Petroleum reserves included in this report are classified by degree of proof as proved, probable, or possible. Reserves classifications used in this report are in accordance with the reserves definitions of Rules 4–10(a) (1)–(32) of Regulation S–X of the SEC. Reserves are judged to be economically producible in future years from known reservoirs under existing economic and operating conditions and assuming continuation of current regulatory practices using conventional production methods and equipment. In the analyses of production-decline curves, reserves were estimated only to the limit of economic rates of production under existing economic and operating conditions using prices and costs consistent with the effective date of this report, including consideration of changes in existing prices provided only by contractual arrangements but not including escalations based upon future conditions. The petroleum reserves are classified as follows:

Proved oil and gas reserves – Proved oil and gas reserves are those quantities of oil and gas, which, by analysis of geoscience and engineering data, can be estimated with reasonable certainty to be economically producible—from a given date forward, from known reservoirs, and under existing economic conditions, operating methods, and government regulations—prior to the time at which contracts providing the right to operate expire, unless evidence indicates that renewal is reasonably certain, regardless of whether deterministic or probabilistic methods are used for the estimation. The project to extract the hydrocarbons must have commenced or the operator must be reasonably certain that it will commence the project within a reasonable time.

(i) The area of the reservoir considered as proved includes:

(A) The area identified by drilling and limited by fluid contacts, if any, and (B) Adjacent undrilled portions of the reservoir that can, with reasonable certainty, be judged to be continuous with it and to contain economically producible oil or gas on the basis of available geoscience and engineering data.

(ii) In the absence of data on fluid contacts, proved quantities in a reservoir are limited by the lowest known hydrocarbons (LKH) as seen in a well penetration unless geoscience, engineering, or performance data and reliable technology establishes a lower contact with reasonable certainty.

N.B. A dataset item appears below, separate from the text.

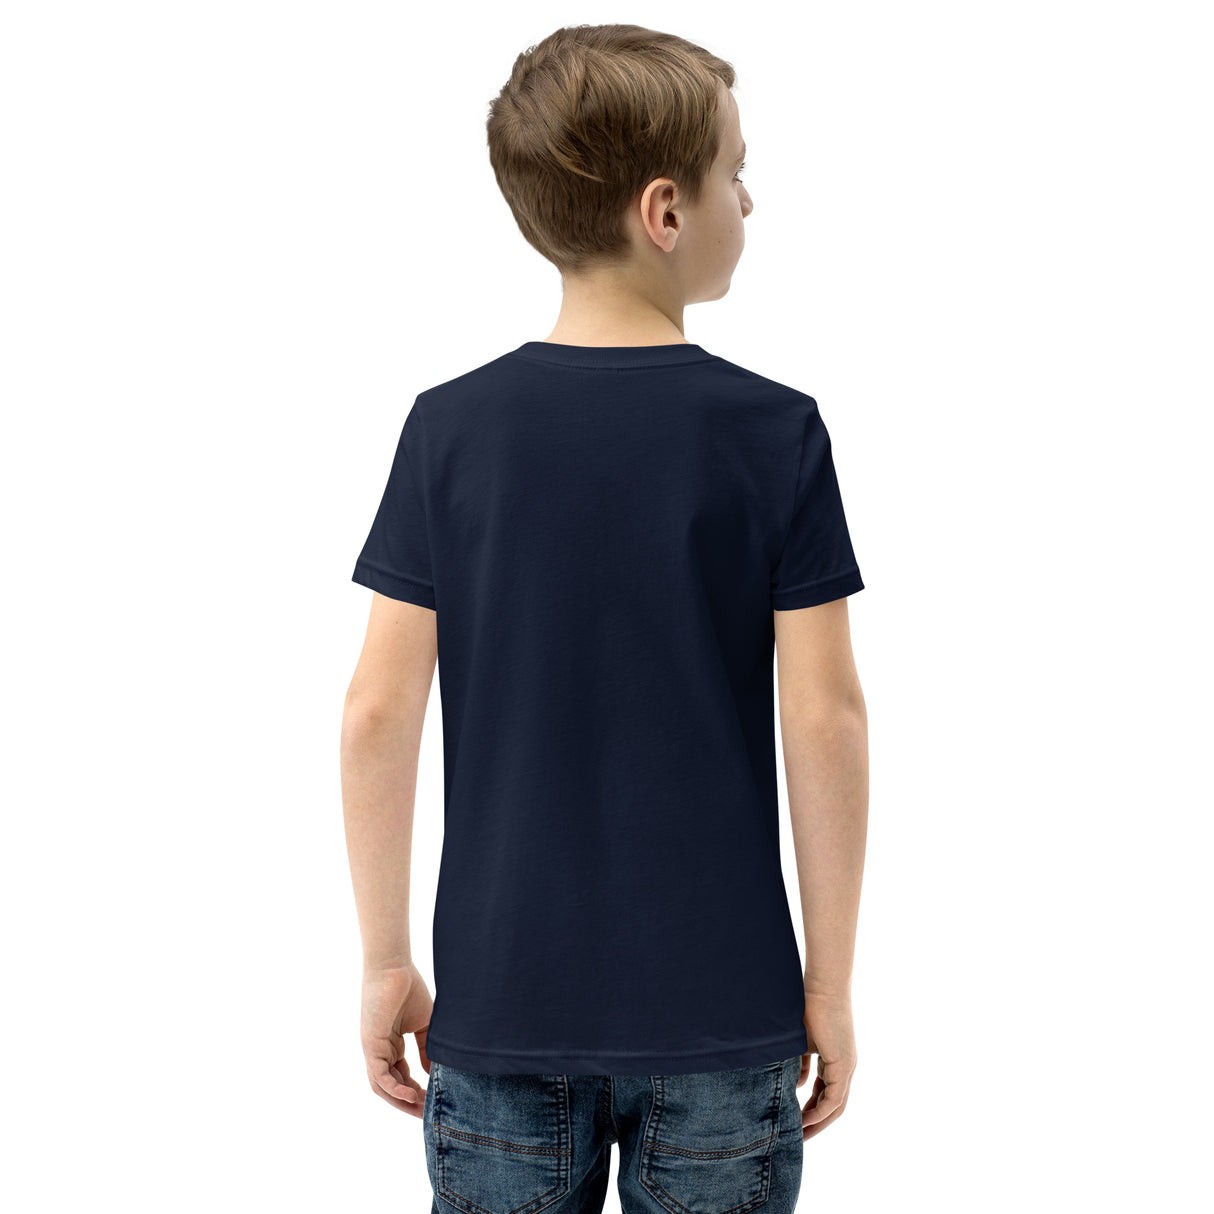 Kids' Top Ten Baseball Short Sleeve T-Shirt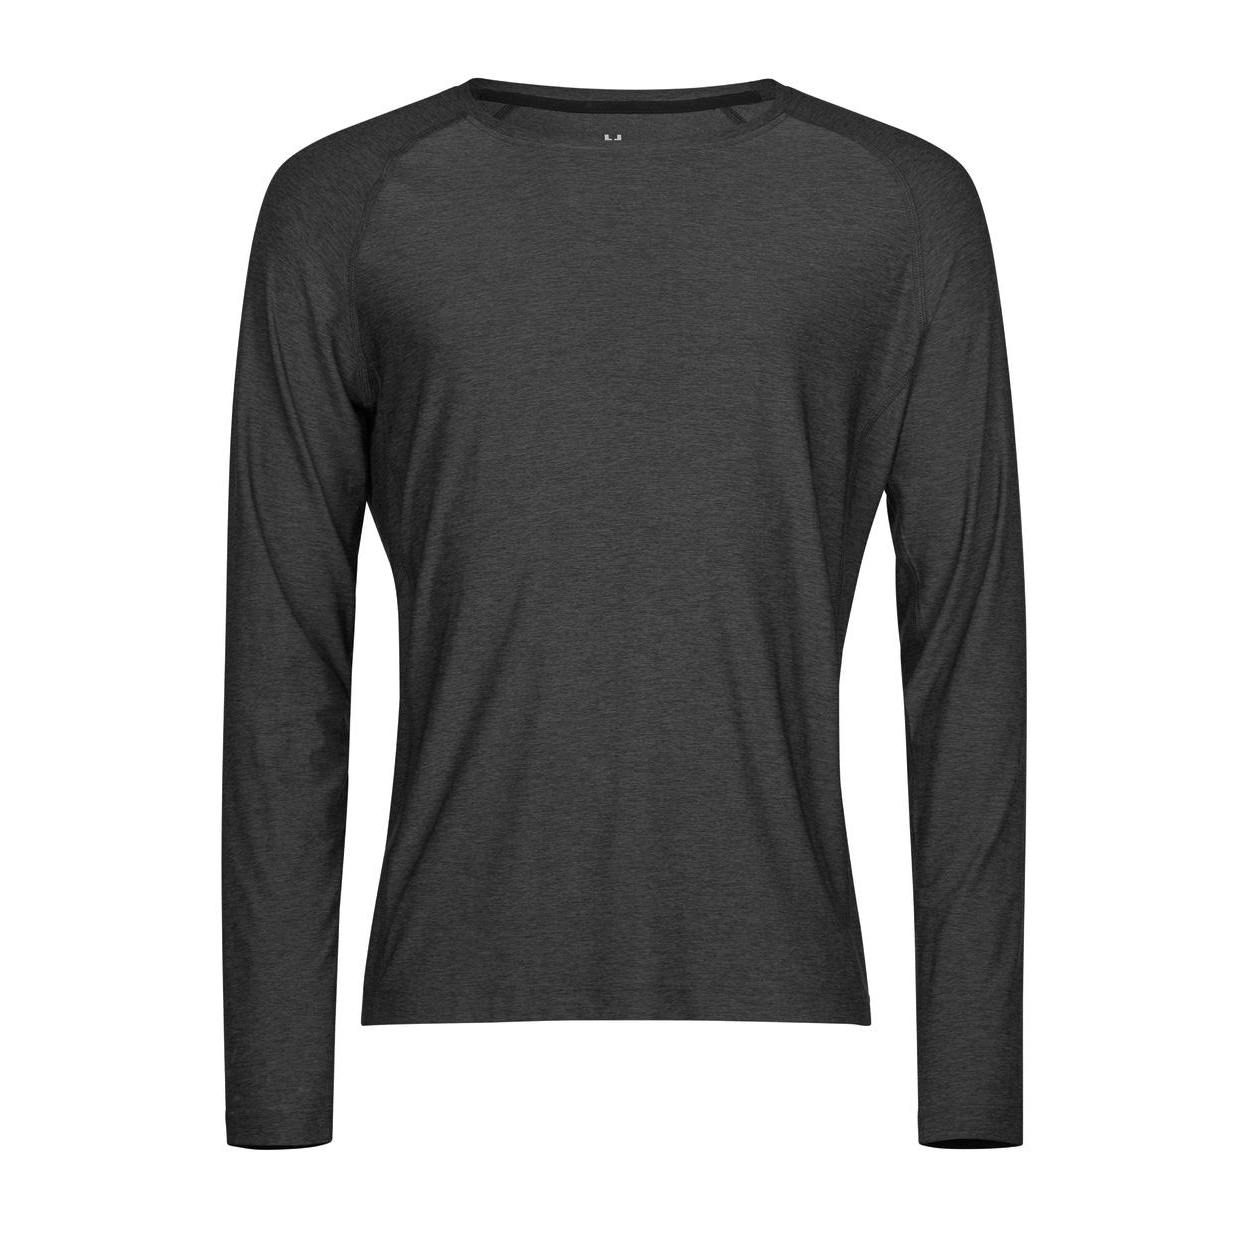 Triko pánské Stedman Tee Jays CoolDry tričko s dlouhými rukávy - tmavě šedé, XS

(iii) Where direct observation from well penetrations has defined a highest known oil (HKO) elevation and the potential exists for an associated gas cap, proved oil reserves may be assigned in the structurally higher portions of the reservoir only if geoscience, engineering, or performance data and reliable technology establish the higher contact with reasonable certainty.

(iv) Reserves which can be produced economically through application of improved recovery techniques (including, but not limited to, fluid injection) are included in the proved classification when:

(A) Successful testing by a pilot project in an area of the reservoir with properties no more favorable than in the reservoir as a whole, the operation of an installed program in the reservoir or an analogous reservoir, or other evidence using reliable technology establishes the reasonable certainty of the engineering analysis on which the project or program was based; and (B) The project has been approved for development by all necessary parties and entities, including governmental entities.

(v) Existing economic conditions include prices and costs at which economic producibility from a reservoir is to be determined. The price shall be the average price during the 12‑month period prior to the ending date of the period covered by the report, determined as an unweighted arithmetic average of the first-day-of-the-month price for each month within such period, unless prices are defined by contractual arrangements, excluding escalations based upon future conditions.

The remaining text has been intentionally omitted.